June 21 (Bloomberg) -- Mathew L. Gladstein, a Wall Street executive who tapped the expertise of Robert Merton and Myron Scholes -- future Nobel Prize-winners -- in the 1970s to bring options trading to the masses, has died. He was 90.
He died in his sleep on June 18 at his home in Scarsdale, New York, his daughter, Gina Gladstein Mullen, said yesterday in an interview. Known as Mike, he had lived in Scarsdale since 1951.
Gladstein joined Donaldson Lufkin & Jenrette, the New York brokerage known for devising new ways of delivering financial services, in 1970 to pursue a budding interest in trading options -- contracts that give the buyer the right to buy a security or commodity at a later date for a specified price. The Chicago Board of Trade was then working on the first centralized marketplace for trading options; it would open in 1973 as the Chicago Board Options Exchange.
Hoping to set up an options desk at DLJ, Gladstein enlisted Merton and Scholes, economists at the Massachusetts Institute of Technology who were developing mathematical models to determine prices for options.
The trio established option pricing and hedging formulas that DLJ used in markets worldwide, including the CBOE. They also established Money Market/Option Investments Inc., the first public mutual fund with a strategy focused on options, according to Merton.
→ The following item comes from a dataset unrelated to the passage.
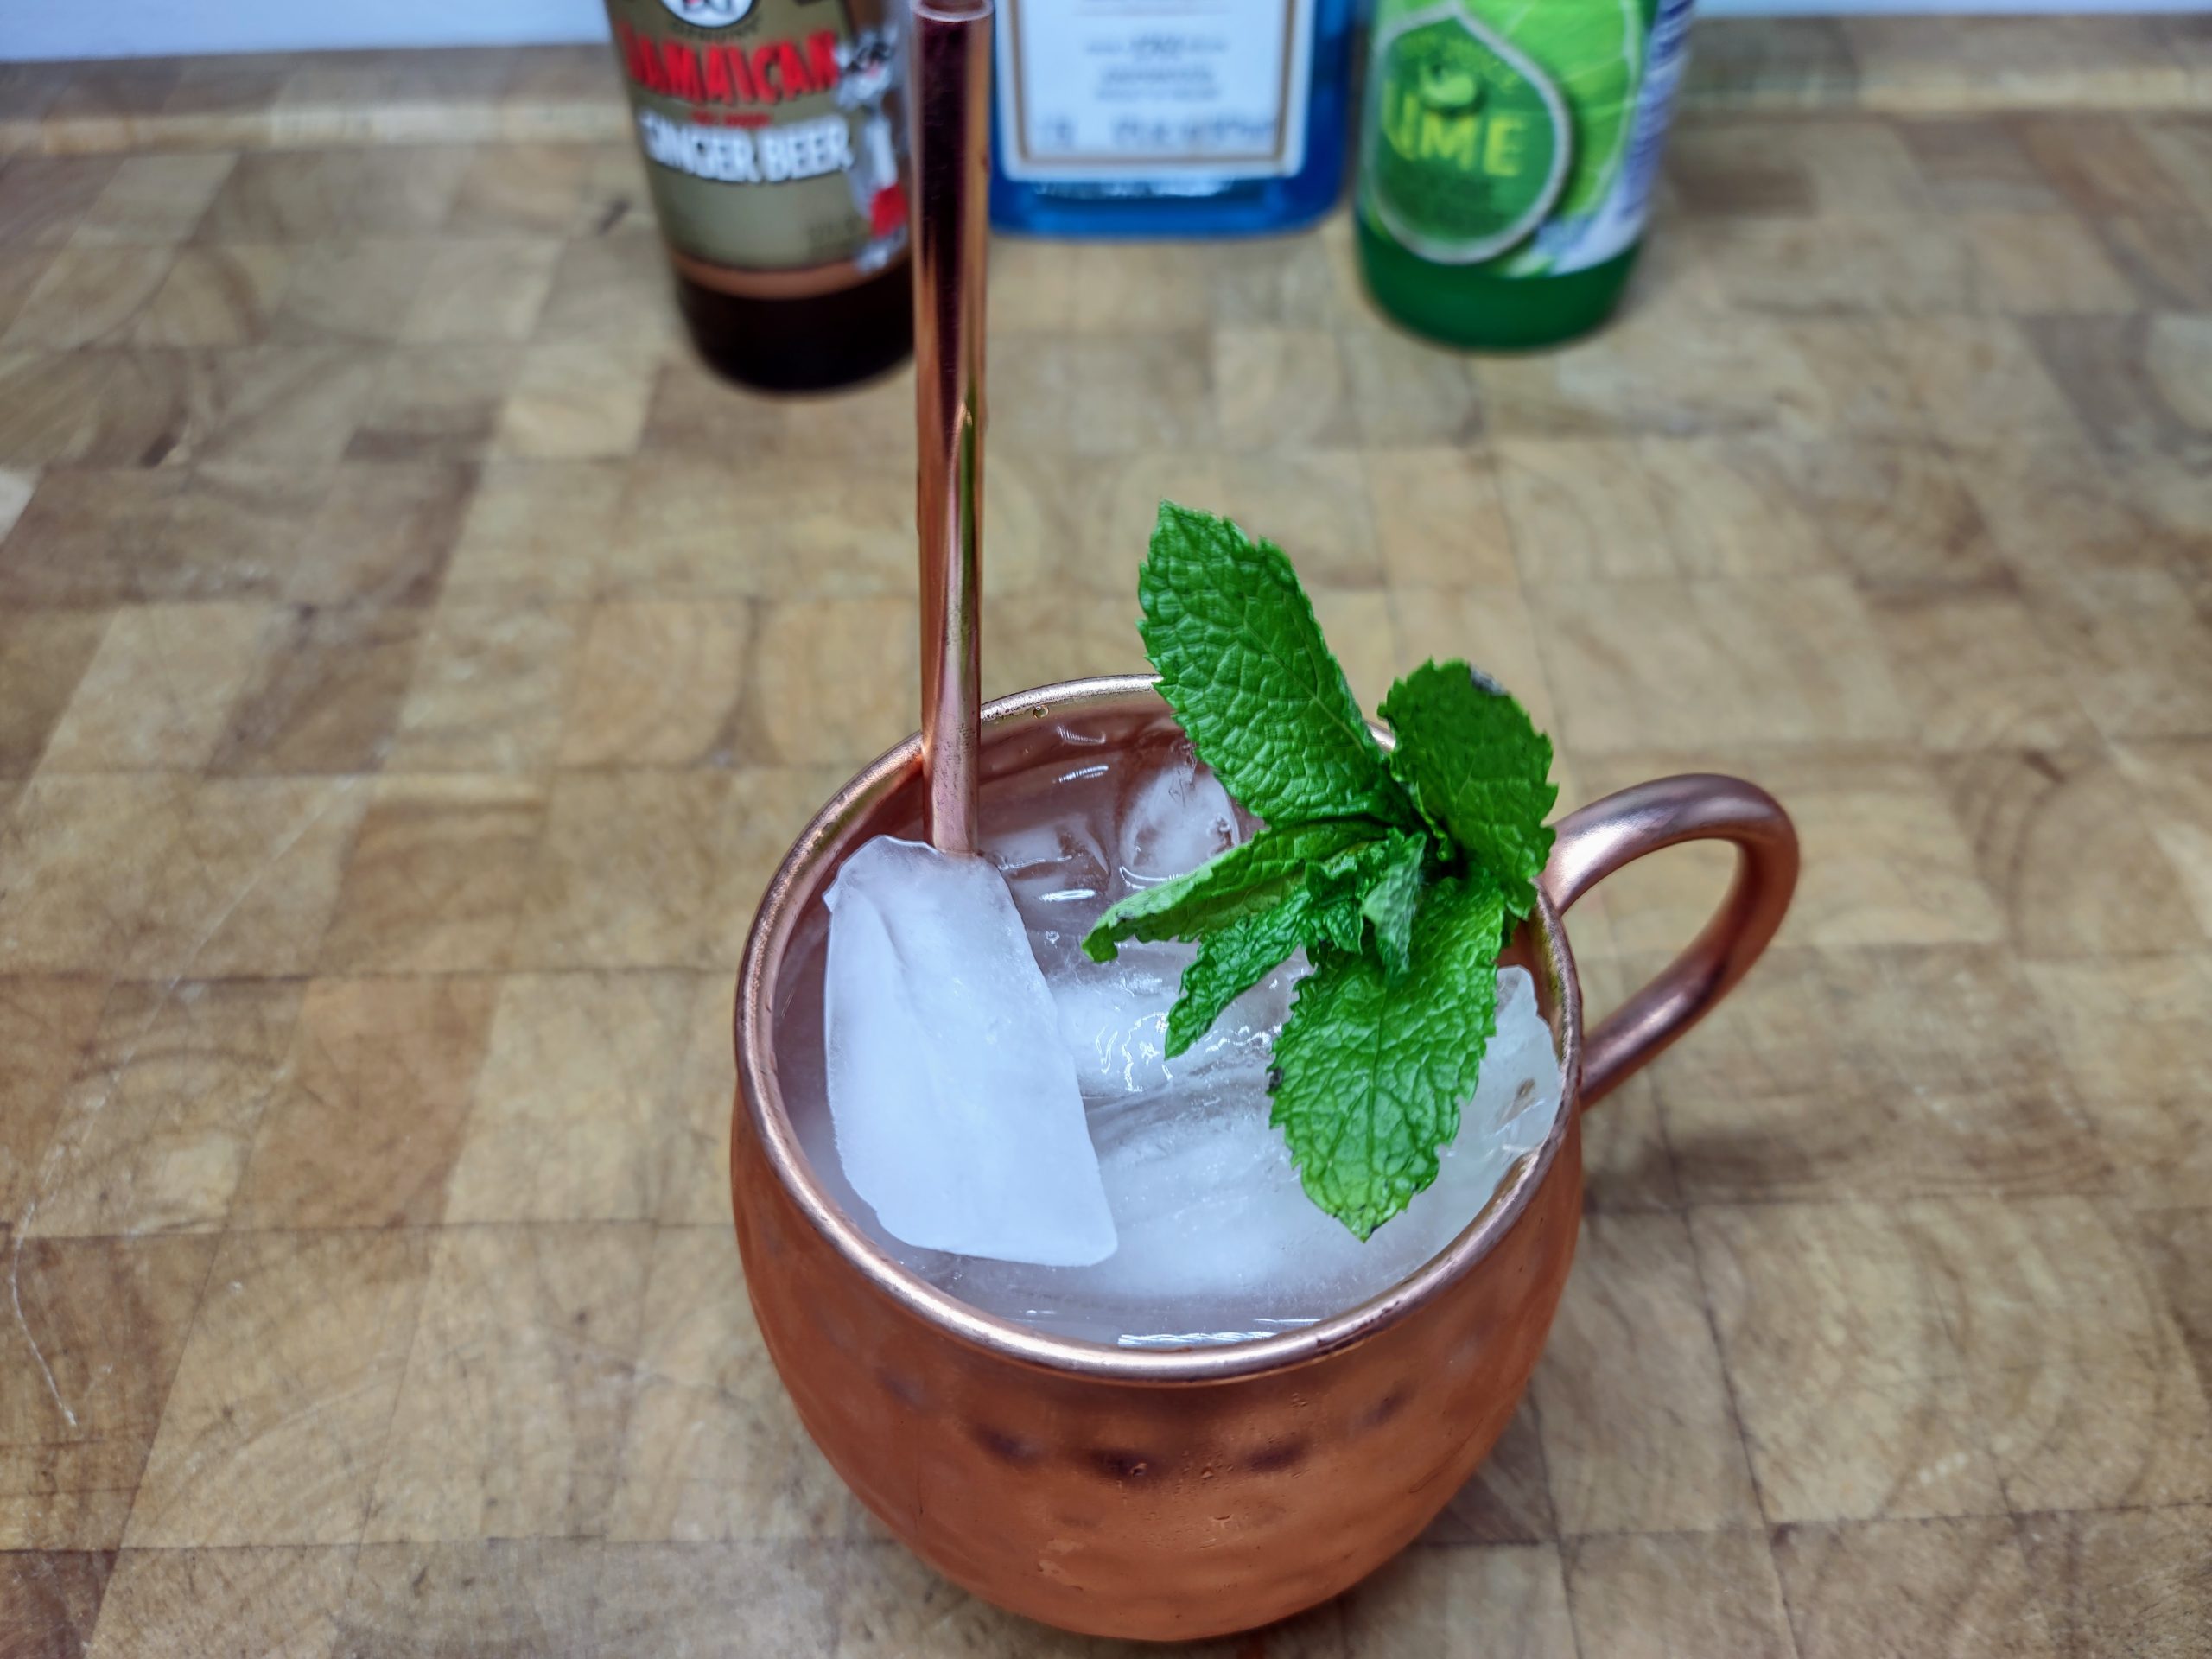 gin-gin mule in a copper mug with mint and a copper straw.  Ingredient bottles in the background.

“Gladstein clearly played a meaningful role in the development of the option market and its transition from a fragmented, slow-paced, over-the-counter market to a public-traded market which, 40 years later, has grown enormously in both volume and breadth,” Merton said yesterday in an e-mail.
Scholes, in an e-mail, called Gladstein “a pioneer in the pre-CBOE era” who “was successful in combining models with intuition in trading options.”
On the first day of CBOE options trading in 1973, Gladstein monitored the prices of calls and panicked when he realized they were much higher than Scholes and Merton had predicted. As Gladstein later recounted to Donald A. MacKenzie for the 2007 book, “Do Economists Make Markets?” he called Scholes, who, after huddling with Merton, gave assurance that the prevailing prices would move toward what their model predicted.
Gladstein said he “ran down the hall” and demanded of his colleagues, “Give me more money, and we’re going to have a killing ground here,” according to the book.
Four years later, Gladstein teamed again with Merton and Scholes to popularize the use of options.
In a series of simulations, the three men found that options, when combined appropriately with other investments, enable investors “to create patterns of returns” not reproducible by trading in stocks and bonds alone, they wrote in a 1978 paper published in the Journal of Business.
“As we see it,” they wrote, “the principal function of options is to provide a significant expansion of the patterns of portfolio returns available to investors. Such expansions make investors better off and add to the liquidity and efficiency of the capital markets.”
That same year, Gladstein was elected president of the New York Institutional Option Society, a trade group newly established to promote the use and understanding of puts, calls and other security options.
Merton’s research expanded on the Black-Scholes method -- a term he coined -- for pricing options. For this pioneering work, he and Scholes shared the 1997 Nobel Prize in economics; Fischer Black, Scholes’s research partner, had died in 1995 and was cited by the Nobel committee as a contributor.
The Black-Scholes model “worked so well that Gladstein and his pals made tons of money using it,” Ajit Balakrishnan wrote in his 2012 book, “The Wave Rider: A Chronicle of the Information Age,” and it “started the rush of mathematicians to the stock market.”
Mathew Louis Gladstein was born on March 24, 1923, in New York City, the first of two sons of Samuel and Jeanette Gladstein. After graduating at 16 from Townsend Harris High School, he attended City College of New York for two years before enlisting in the U.S. Army Air Corps, forerunner of today’s Air Force.
During World War II, he served as a bombardier-navigator with the 15th Air Force in Italy, rising to first lieutenant.
He resumed his studies after the war at Columbia University in New York City. Following a stint as an insurance broker, he became president of Glenhaven Ltd., a women’s clothing manufacturer that had been started by his father-in-law.
At DLJ, he reported to Leo Pomerance, who would go on to become the first chairman of the CBOE.
Following his retirement, Gladstein remained interested in the markets and traded for his own account until his death, his daughter said.
Survivors include his wife of 63 years, the former Edythe Rosenthal; three children, Gina Gladstein Mullen, John Gladstein, and Joshua Gladstein; and two granddaughters, Anna Mullen and Nina Mullen.